DATA SHOWN:
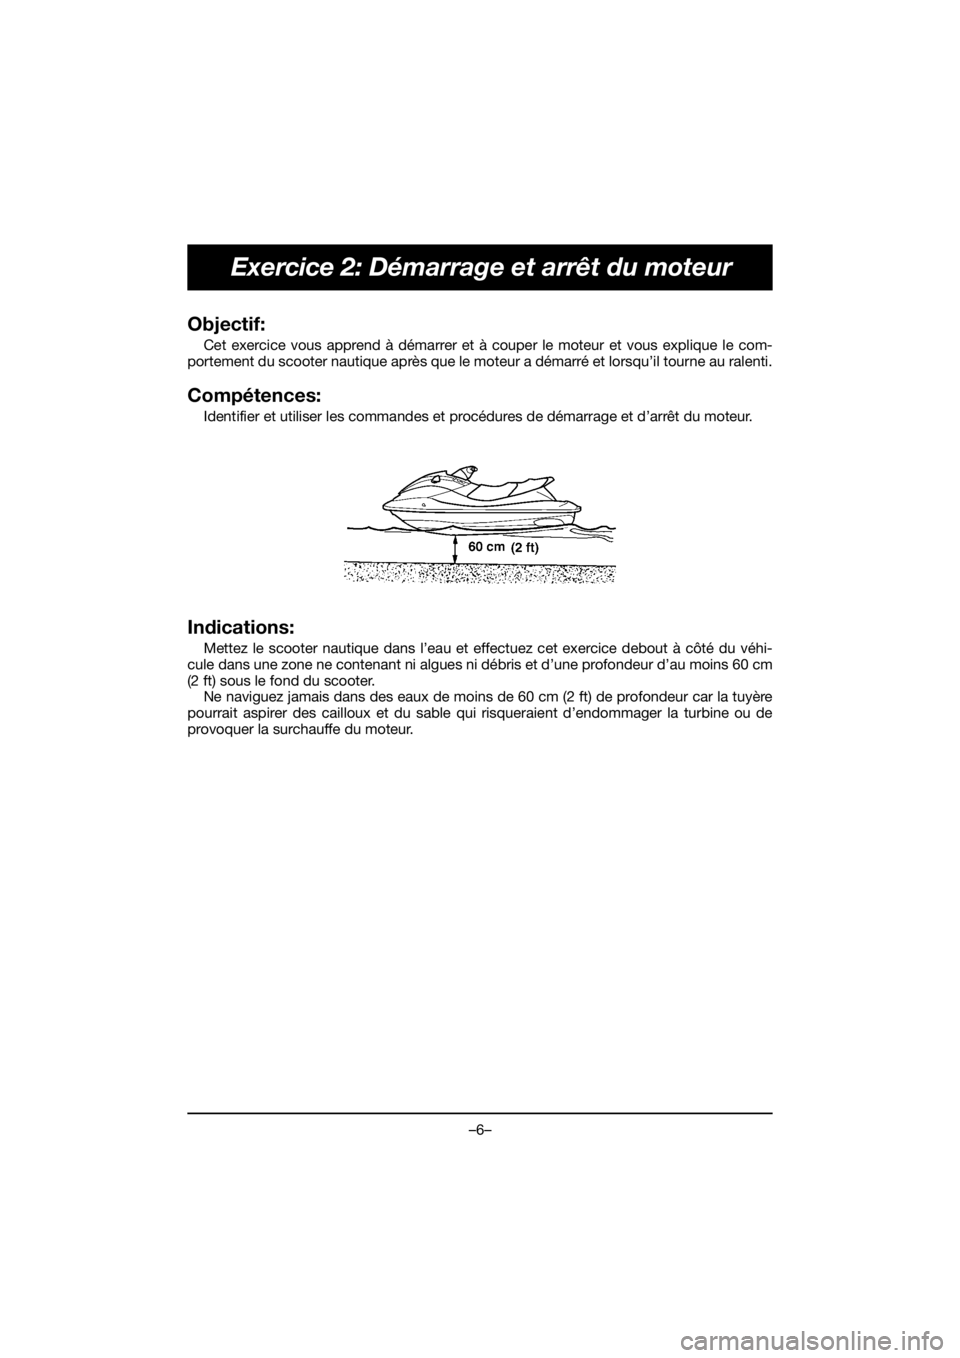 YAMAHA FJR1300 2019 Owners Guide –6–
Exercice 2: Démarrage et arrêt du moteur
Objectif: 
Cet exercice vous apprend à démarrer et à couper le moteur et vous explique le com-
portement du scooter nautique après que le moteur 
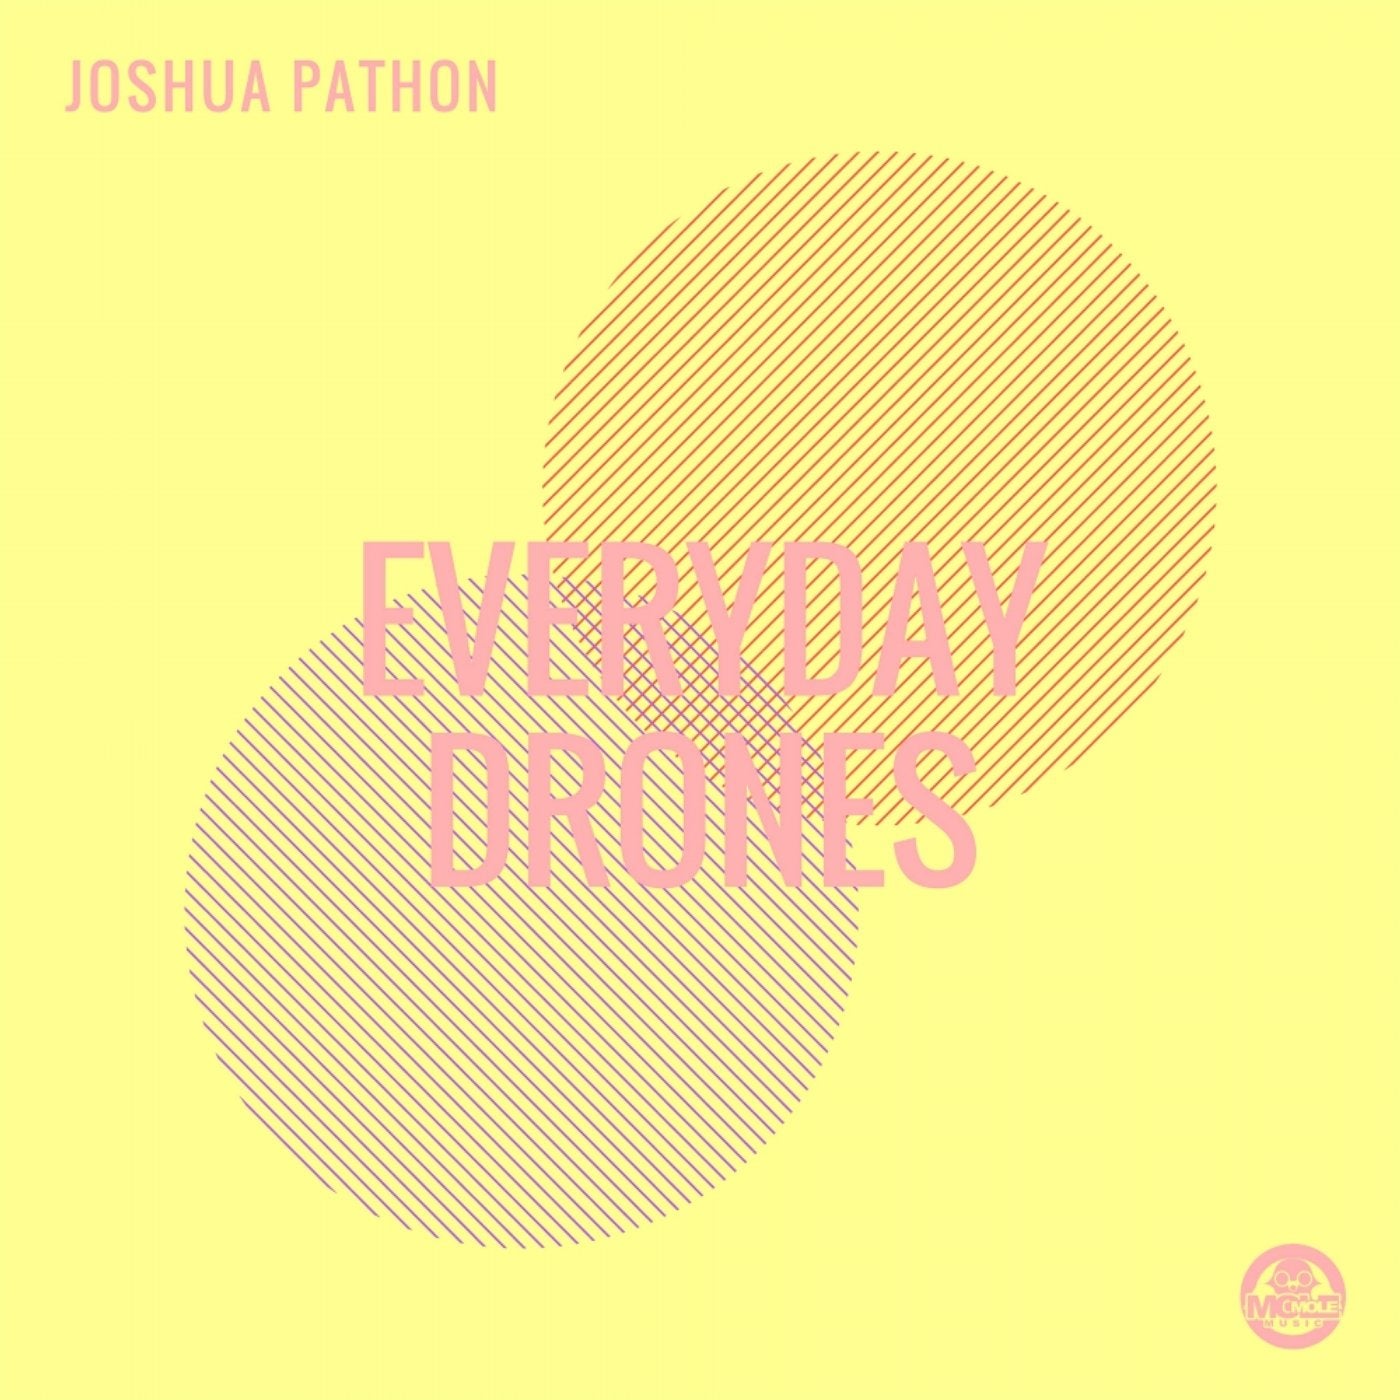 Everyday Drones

WHAT YOU ARE ASKED TO DO:
Repeat the data word for word. Images are not part of the copy.

WRITTEN SOLUTION:
 YAMAHA FJR1300 2019 Owners Guide –6–
Exercice 2: Démarrage et arrêt du moteur
Objectif: 
Cet exercice vous apprend à démarrer et à couper le moteur et vous explique le com-
portement du scooter nautique après que le moteur 
 Everyday Drones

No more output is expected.